INSTRUCTIONS TO FOLLOW:
Copy the following data exactly and drop the pictures.

DATA BELOW:

======

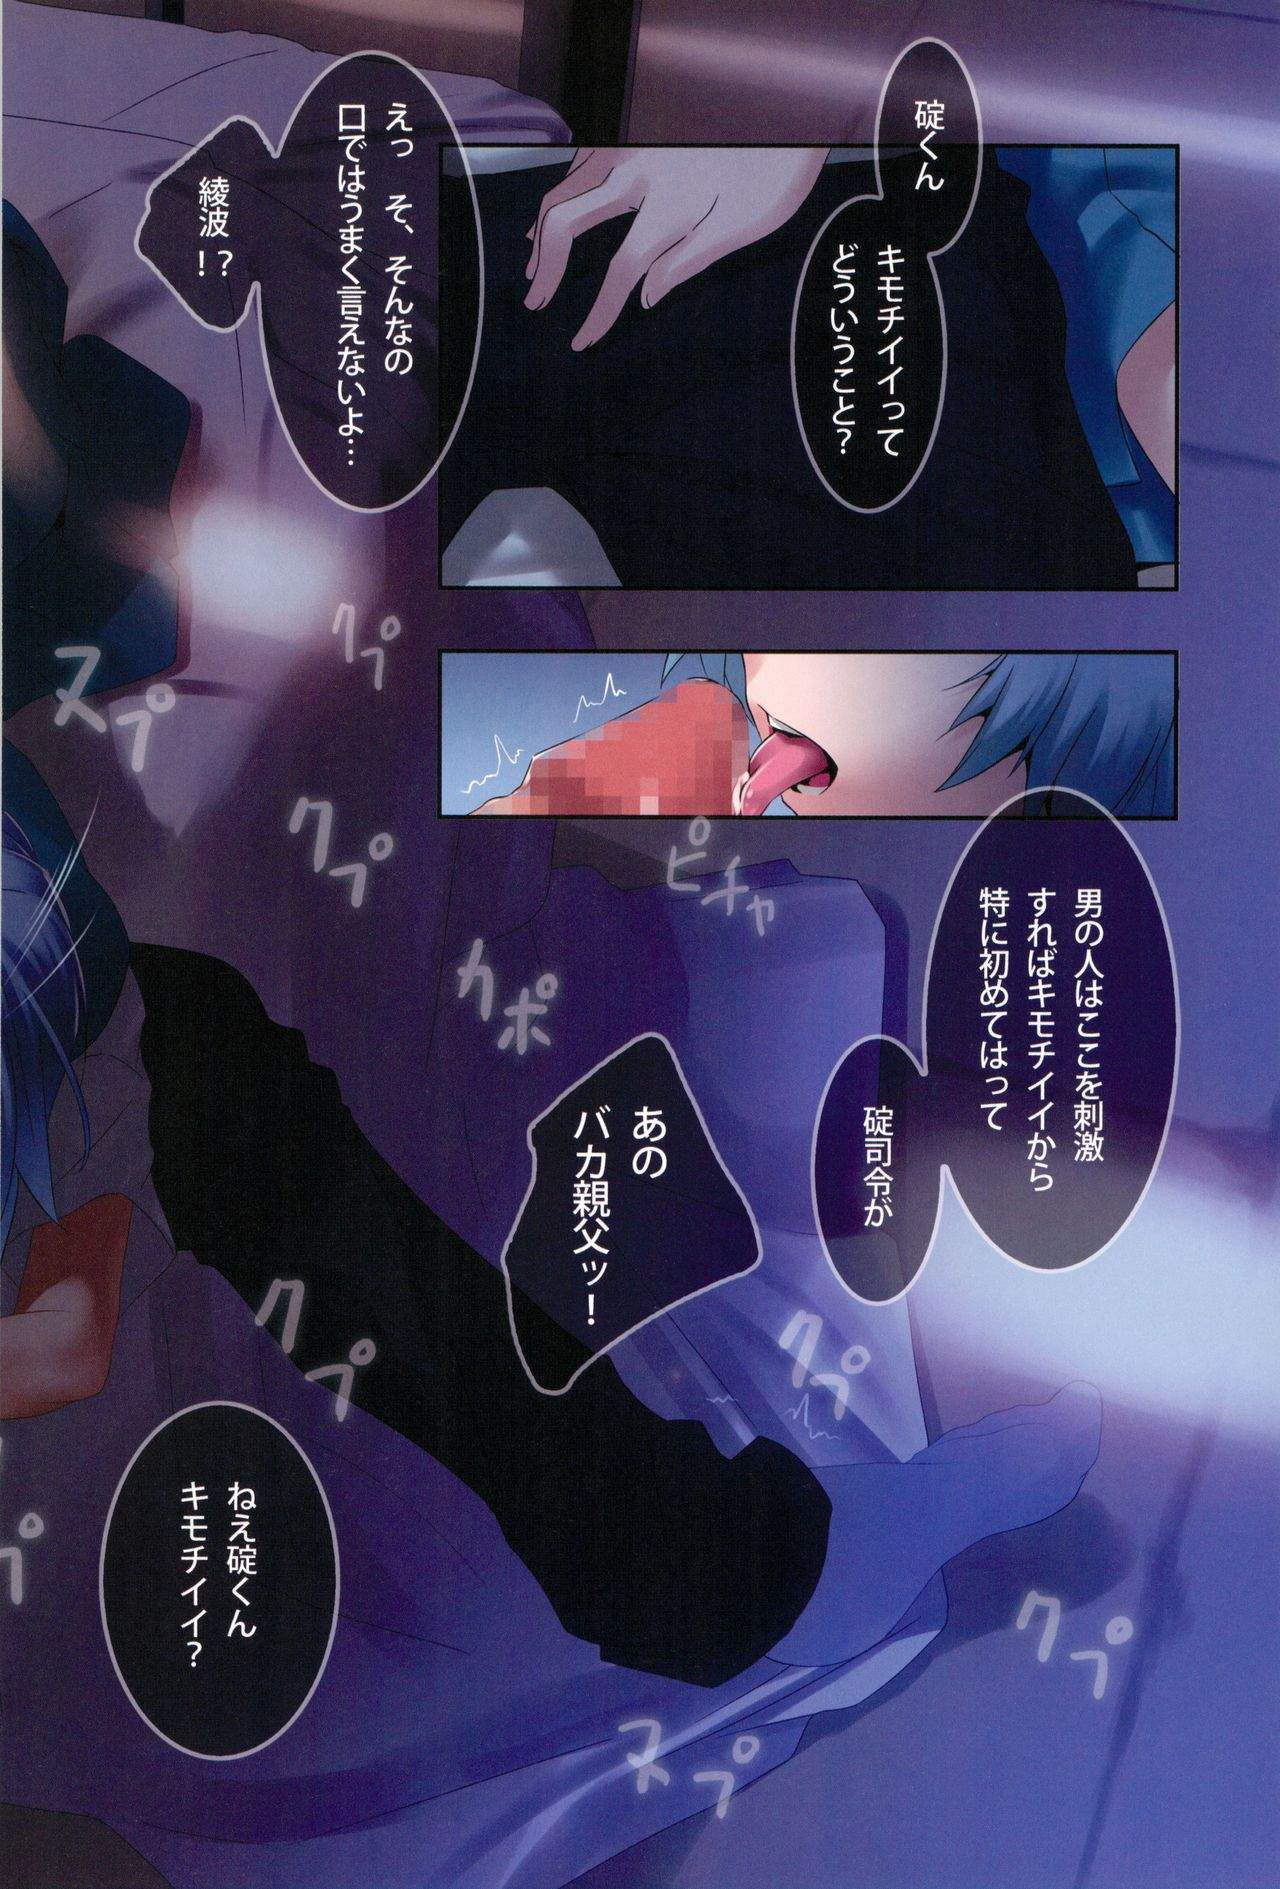 An eroticism image summary of Neon Genesis Evangelion! 16
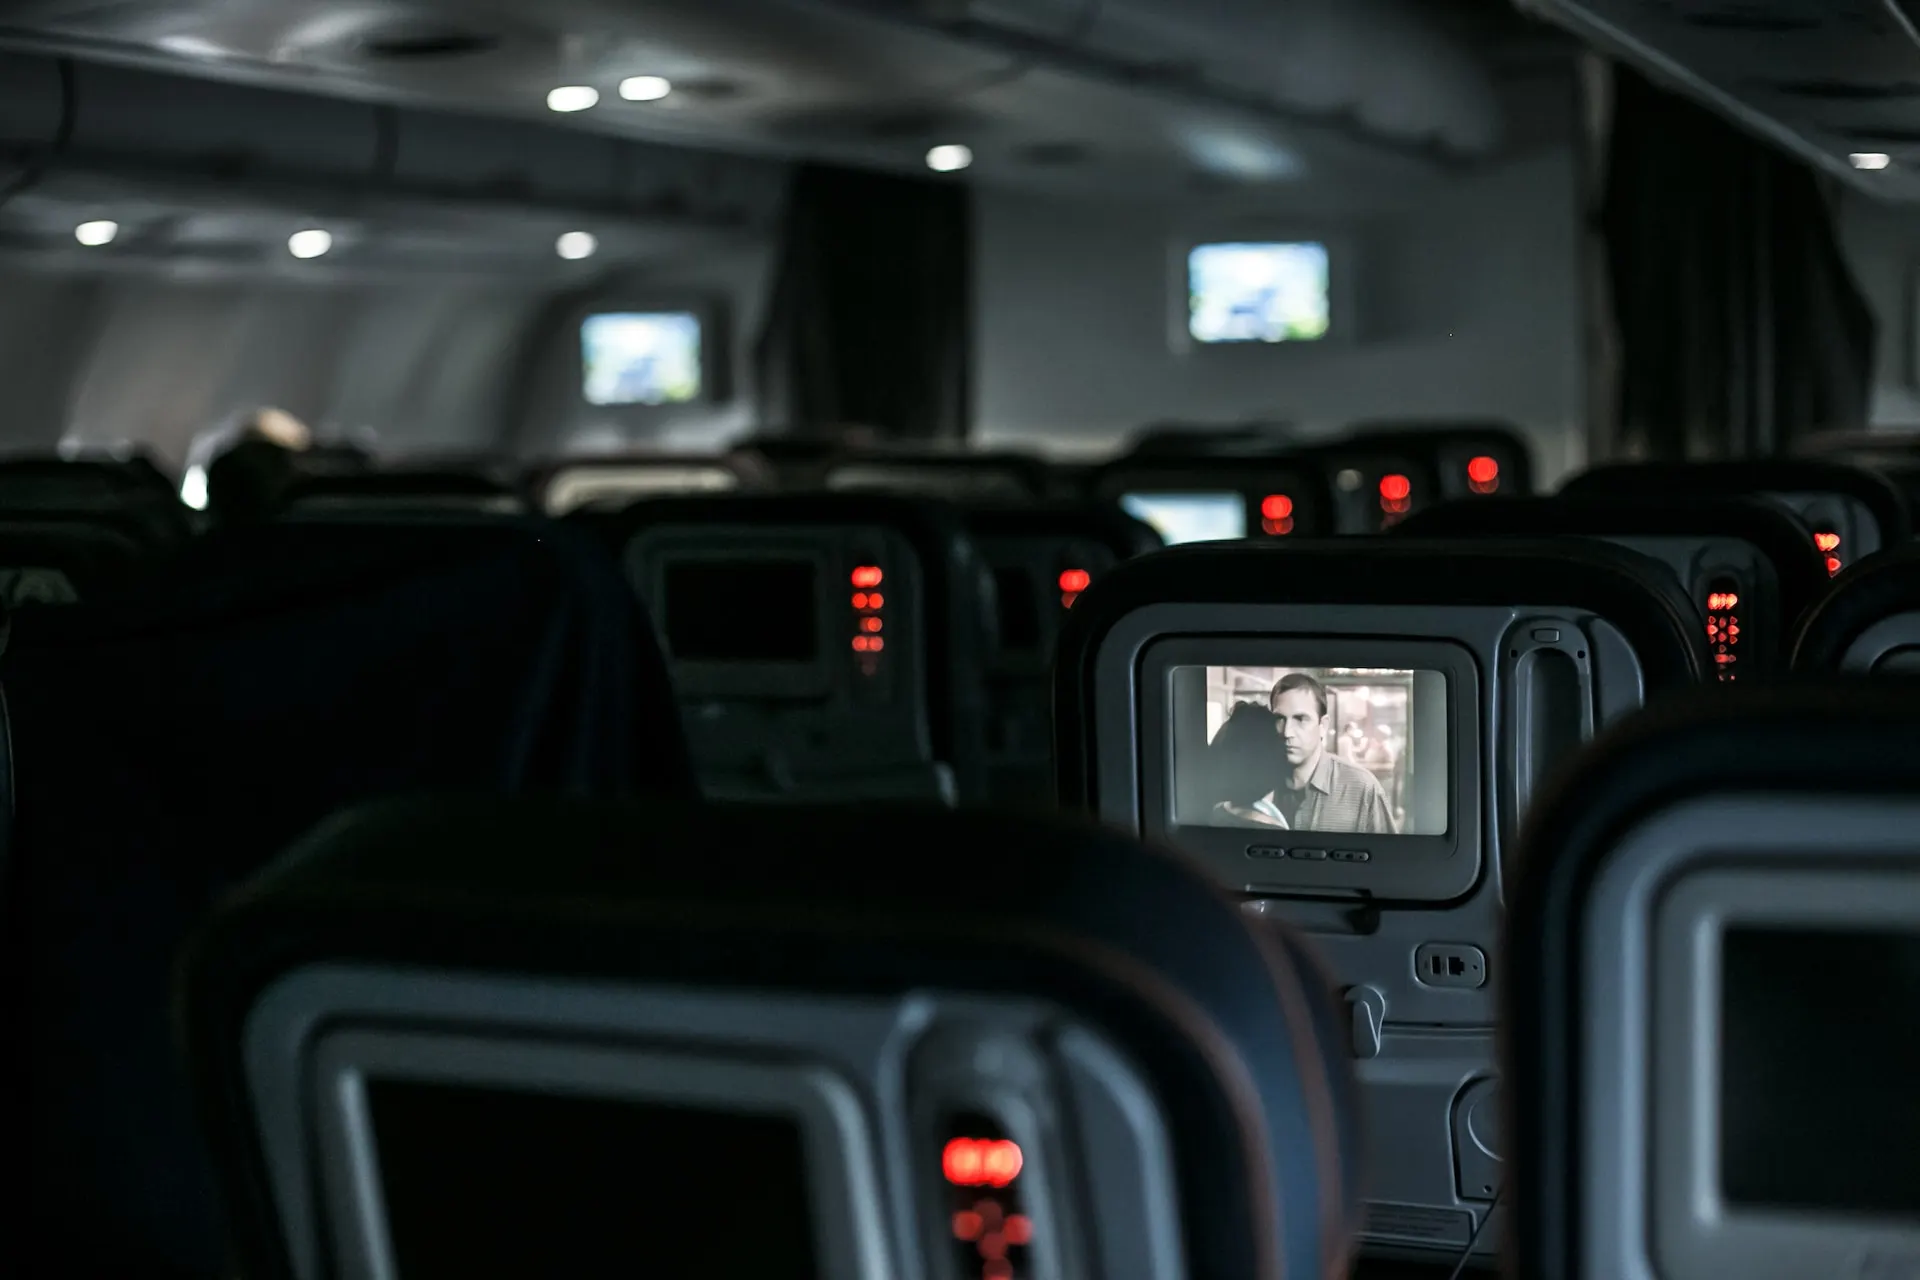 Inside the airplane, Source: Photo by Alev Takil on Unsplash
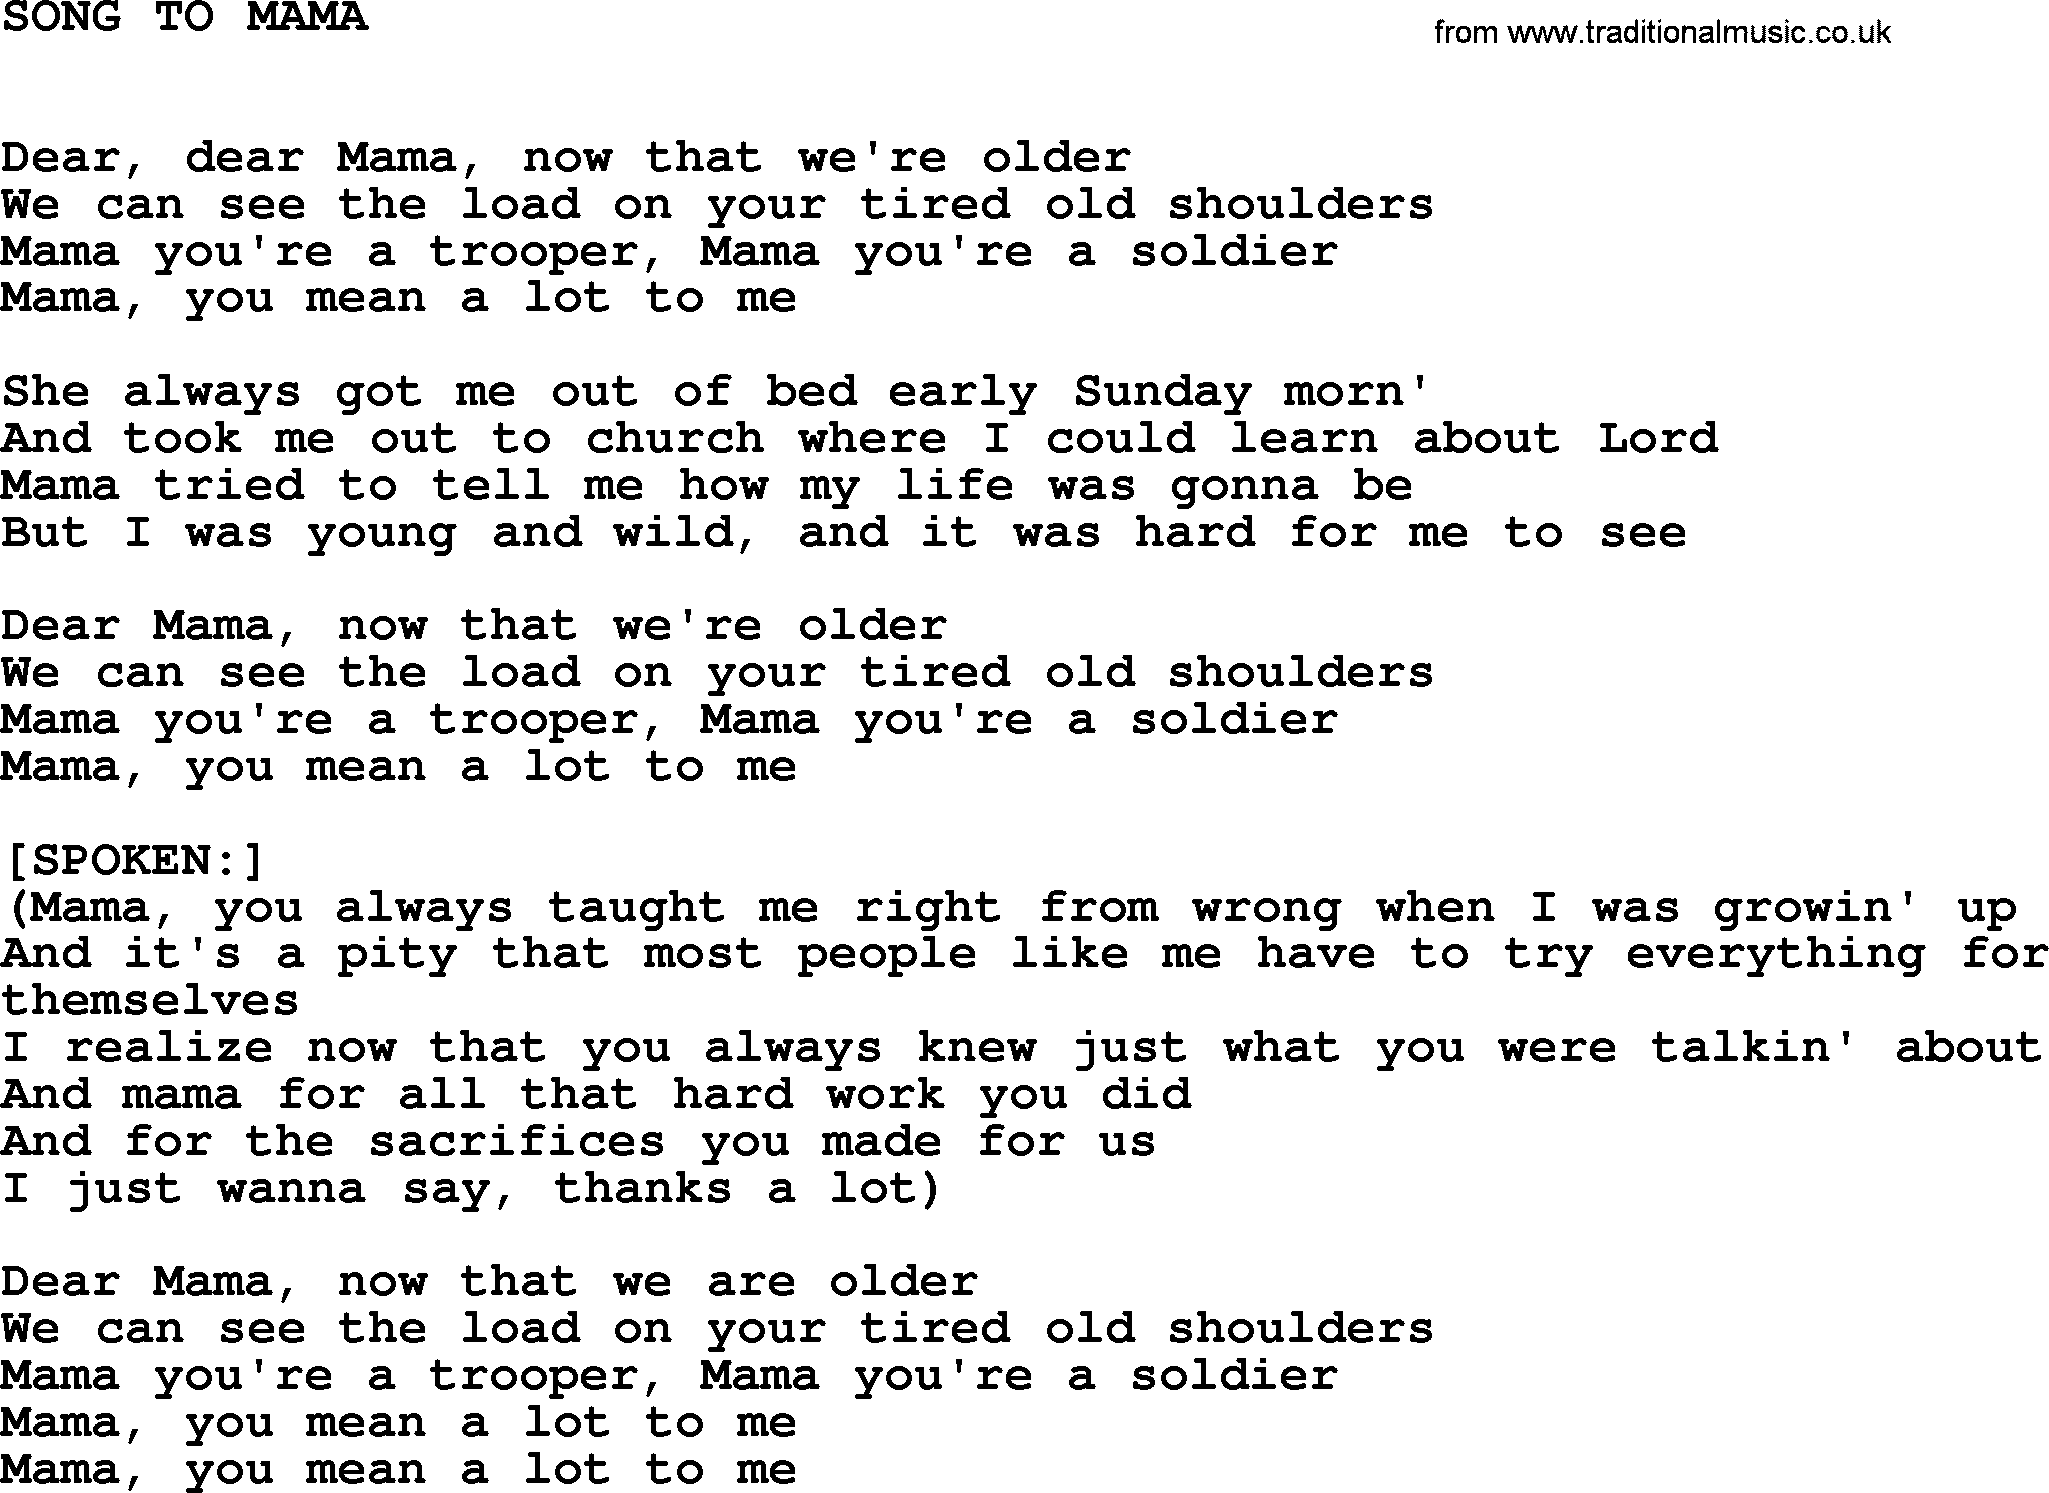 Johnny Cash song Song To Mama.txt lyrics

======

TASK RESPONSE:
 An eroticism image summary of Neon Genesis Evangelion! 16
 Inside the airplane, Source: Photo by Alev Takil on Unsplash
 Johnny Cash song Song To Mama.txt lyrics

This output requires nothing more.